In a compute-bound pgm, there was a loop that called two functions.
Each of these functions had a large local array declared. The
allocation of these arrays on the stack increased the execution time by
a factor of 10-20. What can be done?
The original code, running under CVF6, used a real array for two
distinct purposes. Under certain circumstances, the entire array
contained real data as input to the function, and returned modified
data. Under different circumstances, the first few elements of the
array contained inputs to the function, and were returned unmodified.
So, we have something like
REAL, DIMENSION(100000), INTENT(INOUT) :: LongData
REAL, DIMENSION(3) :: ShortData
x=MyFunc(LongData) ! the first case
x=MyFunc(ShortData) ! the second case
REAL FUNCTION MyFunc(RealArray)
REAL, DIMENSION(100000), INTENT(INOUT) :: RealArray
The trouble is, this gives a compiler error under IF9, because MyFunc
can exceed the dimensions of ShortData. I tried to get around this by
creating a new array, LongData2, and copying ShortData to its initial
elements. This works, but now the large array LongData2 must be created
on the stack each time MySub is called, and MySub is called millions of
Even in a fully-optimized release version, allocation of temporary
space on the stack is done one page at a time, and that turns out to be
about 10 x the execution time of everything else!

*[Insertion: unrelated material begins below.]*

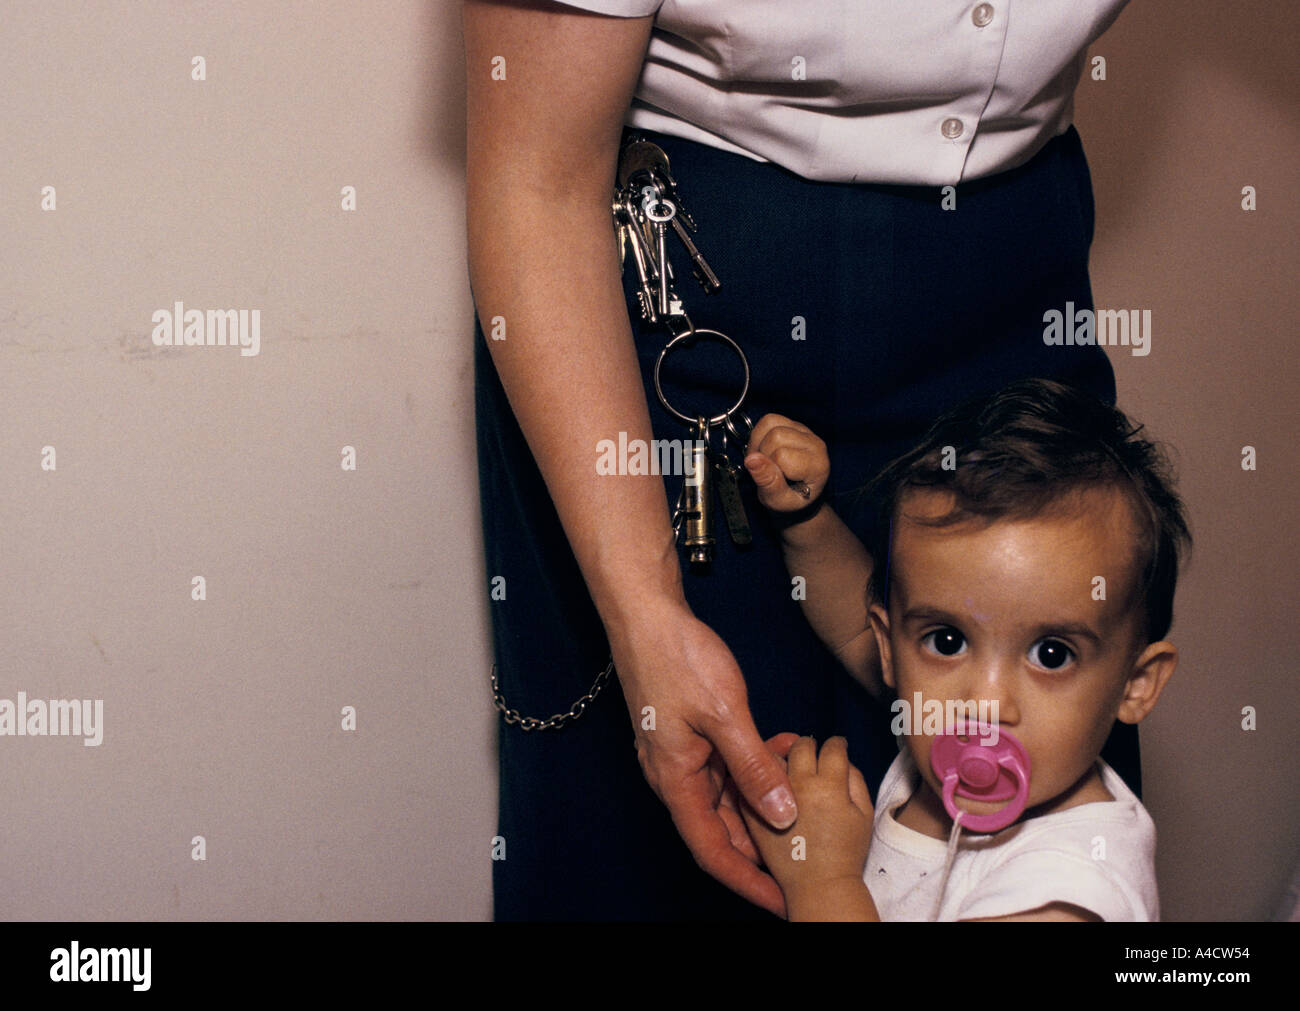 Le bébé d'un prisonnier joue avec les touches d'un gardien de prison. Banque D'Images

My first question is, have the compiler designers already considered
this problem, and used a more efficient way of allocating stack space?
If it is reserved and committed, the process shouldn't need to check
every page, and that probably blows the cache, too.
If not, may I suggest you could save a lot of instructions by
allocating stack with a few instructions: a compare to the end of known
good space, followed by a move to esp.